Estos días azules y este sol de infancia

Cuentan que esto había escrito en un papelito hallado en un bolsillo de la chaqueta sucia y un tanto raída de un hombre que murió en el hotel Bougnol-Quintana del pueblo de Colliure, en el Mediterráneo francés lindero con España. Era miércoles 22 de febrero de 1939. Tenía el hombre 64 años y quienes lo vieron en los días anteriores por el pueblo –pocos días y pocos lo vieron, pues llegaron a principio de mes– podrían haber asegurado que veían a alguien bien entrado en la ancianidad. Junto al papelito, hebras de tabaco, un chisque de mecha, algunas pesetas inútiles…

Habían salido de Barcelona un mes atrás acosados por la derrota, los aviones y sus bombas, el frío… la hecatombe, en suma. Llegaron a Francia con lo puesto y perdieron por el camino variados objetos, kilos de peso corporal y, a última hora, una carpeta con quién sabe qué textos. Fue aquello una tragedia personal y colectiva. Personal en cuanto la desmembrada familia Ruiz Machado o Machado Ruiz era disgregada, golpeada,  lanzada a los caminos, la angustia, el exilio, la muerte misma. Y colectiva porque se encuadraba y formaba parte del triunfo violento y perverso del fascismo hispánico. De entonces a acá mucho ha llovido pero podríamos rememorar este asunto imaginando la barbarie que seguimos casi en directo, con poetas incluidos, en el oriente Mediterráneo y de la mano del perverso, así mismo, ejercito israelí.

«(…) en una Facultad de Teología bien organizada es imprescindible para los estudios del doctorado, naturalmente, una cátedra de Blasfemia (…)».

Su madre Ana Ruiz,  una anciana de verdad,  hacía semanas que había perdido el rumbo y preguntaba en el trayecto final: «¿Falta mucho p´a Sevilla, Antonio, falta mucho p´a Sevilla?». Poco faltaba para Sevilla si Sevilla hubiese sido, y era como fue, el fin y cierre de los ciclos, es decir, la muerte.
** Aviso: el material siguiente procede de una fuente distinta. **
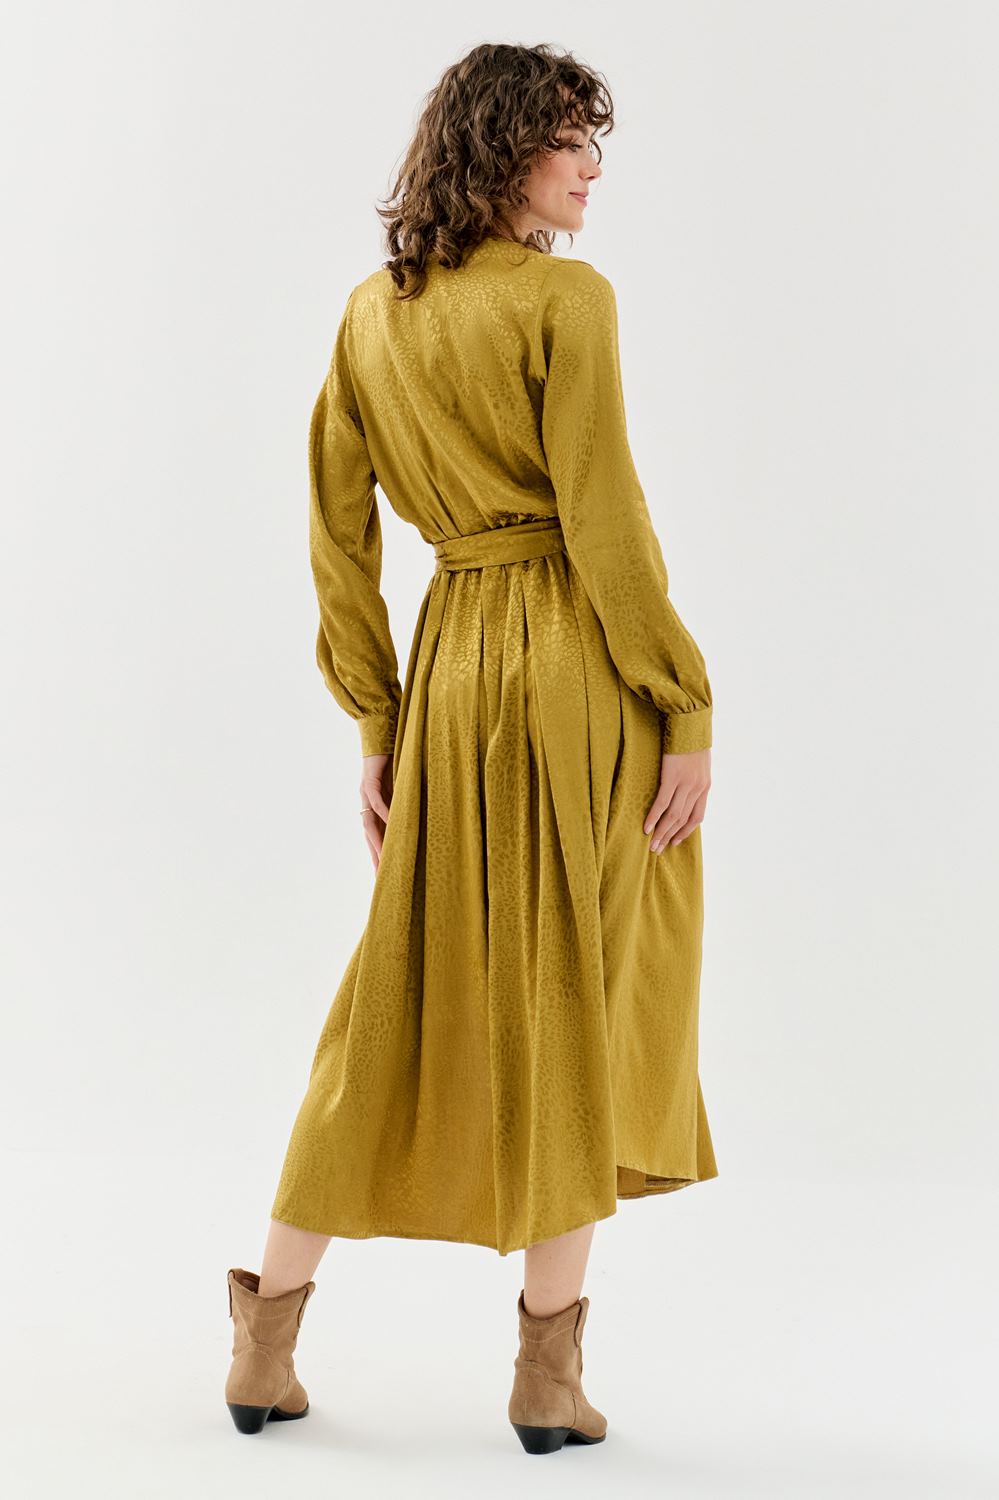 Golden Cedar waist dress

Él llegó el 22 y Ana el 25.

Durante esos aciagos días medio millón de personas cruzaron la frontera en aquel desgarrador invierno, un éxodo interminable donde, como en un embudo, se recogía media España frente al paso de Por Bou. No solamente llegaron con la desesperación que suponía vivir con una perenne incógnita –«¿qué nos va a suceder ahora?»–, sino que además se encontraron con una Francia inmersa en una fuerte crisis económica, amén de una derecha reaccionaria dominada por fascistas y xenófobos. ¿Cuántas veces se ha repetido, después de febrero del 39, en Europa y en todo el mundo, esta escena? El desconsuelo, la pena y el dolor no tienen límite. Las tragedias, grandes o chicas, tienen el común denominador imperturbable de ser trágicas. Las injusticias, grandes o chicas, tienen el común denominador imperturbable de ser injustas.
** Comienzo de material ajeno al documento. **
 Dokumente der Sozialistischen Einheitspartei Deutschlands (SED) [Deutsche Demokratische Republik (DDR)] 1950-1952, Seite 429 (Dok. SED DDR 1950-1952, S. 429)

Todo fue una gran epopeya personal, anónima, menor y perteneciente sin duda a la grande y colectiva. El jueves 23 de febrero unos jóvenes soldados mal uniformados de un ejército inexistente en un país extranjero –sabiendo o no quién era el difunto– portaron el féretro, desde el Bougnol-Quintana, envuelto en la bandera de un país imaginario, al encaramado cementerio de Colliure.

«Y cuando llegue el día del último viaje

y esté a partir la nave que nunca ha de tornar,

me encontraréis a bordo ligero de equipaje,

casi desnudo, como los hijos de la mar.»

Ahora, febrero del año 24 de otro siglo, el éxodo de las gentes sigue como una espada de Damocles sobre la humanidad, los derechos humanos, el afecto, la fraternidad y la vida misma y, a su vez, en este sufrido solar hispano, los voceros que se sienten herederos de la infamia ejecutoria del franquismo jalean caralsoles y banderas invictas desprendiendo un rancio olor patológico incluso desde los sillones del congreso o, con mayor proximidad y escarnio, del Palacio de Benicarló. Ruina, infamia y peligro de nuevo. Aquel jueves lejano y próximo llovía y llovía y, por lo que cuentan, llovía.

«Sólo recuerdo la emoción de las cosas, y se me olvidó todo lo demás; muchas son las lagunas de mi memoria. Empleo a veces las palabras fuera de su recto sentido con conciencia de mi error».

Como un maestro zen redomado y perfecto, ecuánime en el mínimo papel de una vida que ahora refulge por su obra, partió ligero de equipaje… como los hijos de la mar. Queda su memoria, su palabra, su fugaz paso, queda su soñar. En suma, queda casi todo o casi nada. Mas, ¿por cuánto tiempo y con cuán sentido?